ARMONK, USA: IBM has announced details of new application security software designed to help clients securely manage employee, partner and customer IT users and their access to company applications and information.

The new release of IBM Tivoli Federated Identity Manager software focuses on enabling a company's separate business divisions to deploy secure software applications using open standards and a wide range of security credentials without needing to embed complex security logic into each application.

The solution simplifies application integration using many forms of user credentials and facilitates the secure sharing of information between trusted parties -- such as business partners or separately managed divisions within an organization operating in an SOA environment.

IBM, the current leader in Identity and Access Management software revenue, according to analyst firm IDC, bolsters its existing portfolio with this new release that provides new management capabilities, user-centric identity technology and substantially extended interoperability with several open industry standards and other vendors' software.

"With its extended interoperability, IBM Tivoli Federated Identity Manager is uniquely positioned to simplify application security integration, enabling business process and application owners to deliver their services without being constrained by IT security and compliance issues," said Venkat Raghavan, director of product management, IBM Tivoli security, risk and compliance software. "This enables clients to tie together various organizational and business silos while also simplifying the integration between their company and partners' Web sites."

The vexing challenge for developers building applications is how to deal with the multitude of user credentials that need to be managed while providing end-to-end security.
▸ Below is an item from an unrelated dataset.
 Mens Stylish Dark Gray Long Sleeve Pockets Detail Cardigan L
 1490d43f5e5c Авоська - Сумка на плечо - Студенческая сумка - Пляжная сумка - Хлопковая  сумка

Using an office building analogy, end-to-end security could entail electronic locks opened by employee badges on the front door and keys for individual offices and file cabinets that store business critical information.

Similarly, in the IT environment, it is common to have a single application that needs to support many forms of user credentials as business processes and organizations are linked across many facets of a company, including mainframe applications. Managing and securing access to a company's many services, applications and data are needed to meet security and compliance requirements.

This new IBM Tivoli software release automates the management of user credentials across applications without the application specialists needing to be security experts. Application owners define the type of credential needed based on an application's risk profile, and end users who present their credentials are automatically signed-on and given access to the various parts of the applications as appropriate. The software also provides auditors with a single view of the credentials used to help validate that the user access matches policy.